It was this practice of frivolous denials that ended up costing Jacksonville, Florida woman Alisa Wilson her life. For months, Wilson, her family, and the surrounding community had been pleading with her HMO to approve coverage for a liver transplant. Although Wilson was enrolled in the state’s Medicaid program, she was not guaranteed care because she was “forced to join a private plan as part of a Gov. Jeb Bush-era experimental overhaul of the program,” meaning she had to deal with a private, for-profit insurance company to get her care, not a government agency accountable to the public.
Bush’s overhaul made “Florida the first state to allow private companies, not the state, to decide the scope and extent of services to the elderly, the disabled and the poor, half of them children,” the New York Times reported in 2005, as the move was being considered. “[N]o one is proposing changes as far-reaching and fundamental as” Bush, the Times noted.

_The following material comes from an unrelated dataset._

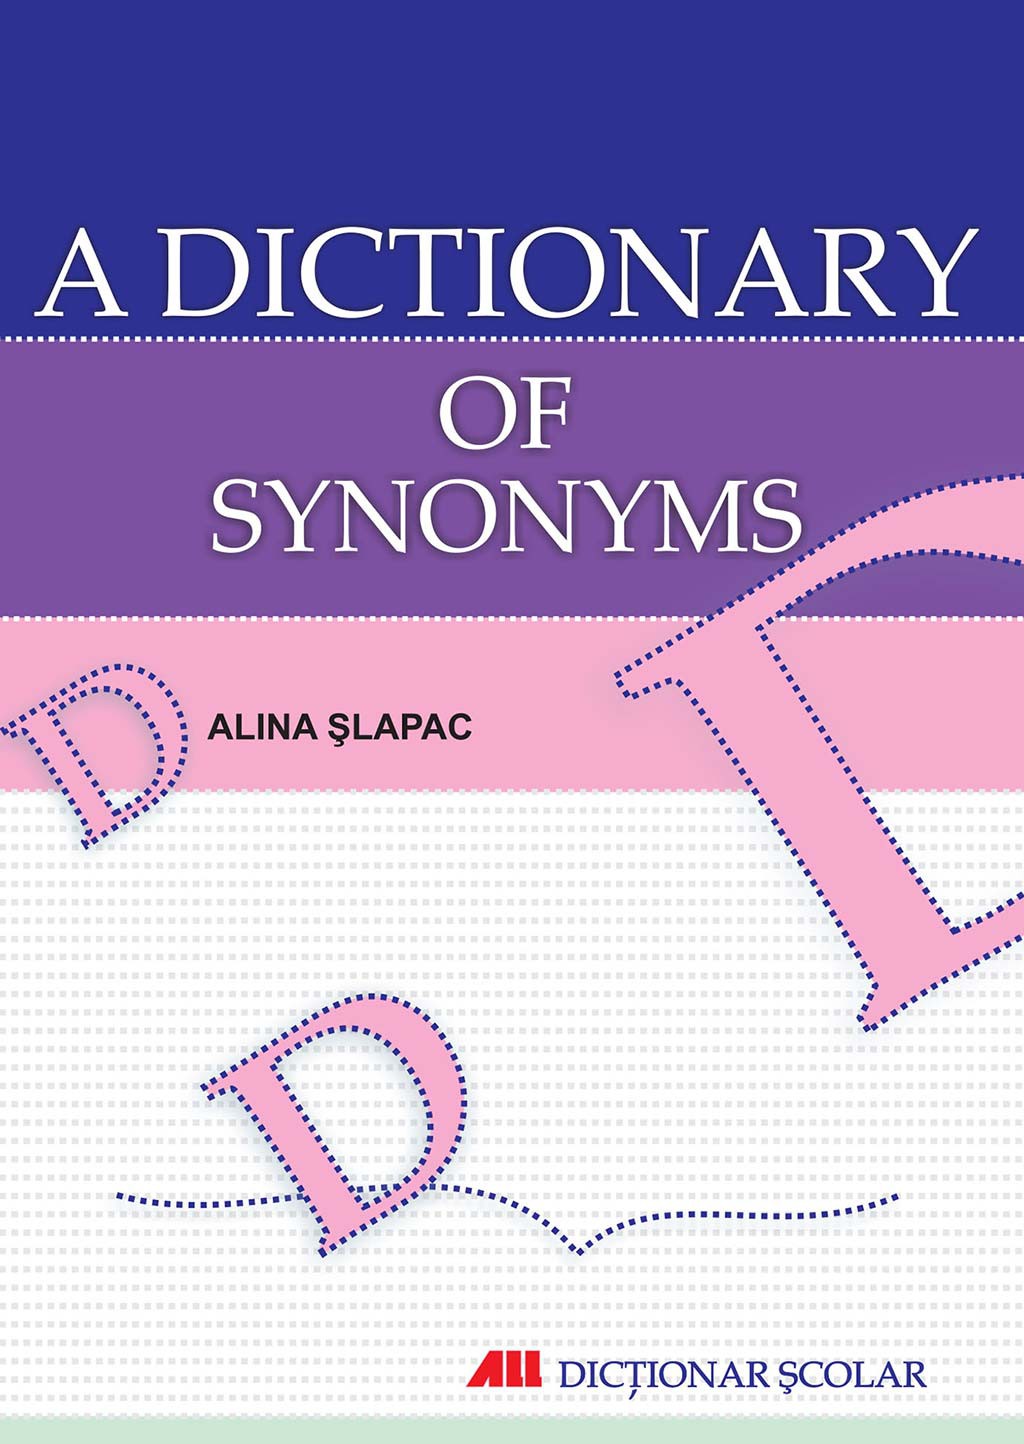 A dictionary of synonyms - Alina Slapac

After “scores of e-mails and…the help of a Florida state legislator,” the HMO, Sunshine State Health, finally gave in and approved coverage for Wilson two weeks ago. Yet her health was too severe for surgery by then. On Friday evening, Wilson passed away:
Alisa Wilson, 37, died Friday at 8:50 p.m. after a lengthy battle with an undisclosed liver disease, said her father, Eric Wilson. “Her liver was gone,” Wilson said. “There was no more left. She needed that transplant two weeks ago.”
About a week and a half ago, attorneys working on Wilson’s behalf said the insurance obstacles had been worked out. By then, however, her health was too shaky to risk going under the knife. “If they did it months ago, my daughter would be alive now,” her father said.
Representatives for Sunshine State and the Florida Agency for Health Care Administration, which manages Florida’s Medicaid program, said they couldn’t speak to the specifics of the case, citing privacy laws.
Unfortunately, it has become increasingly common for states to outsource their Medicaid programs to be administered by private health insurance companies that have little accountability to the public compared to public programs like Medicare. A 2010 Kaiser Family Foundation report found that “All states except Alaska and Wyoming have some portion of their Medicaid population enrolled in managed care” — where Medicaid pays out to private organizations like Managed Care Organizations that contract with HMO’s — and “managed care is the dominant care delivery system in most state Medicaid programs. Forty-six states and DC have more than half their enrollees in managed care; in 20 of these states, over 80% of the Medicaid population is enrolled in some form of managed care.”
While the recently passed health care law is doing much to curb some of the worst abuses of the health insurance industry, one of the best ways to help people avoid these practices of the private health insurers is to offer them an alternative like a Medicare-style public health insurance option. As a part of her deficit reduction plan, Rep. Jan Schawkowsky (D-IL) proposed a robust public health insurance plan that would be offered to Americans. Not only would it operate cheaper and not committ the same abuses as the private insurance industry, it could cut the deficit by as much as $10 billion during its first year of implementation alone.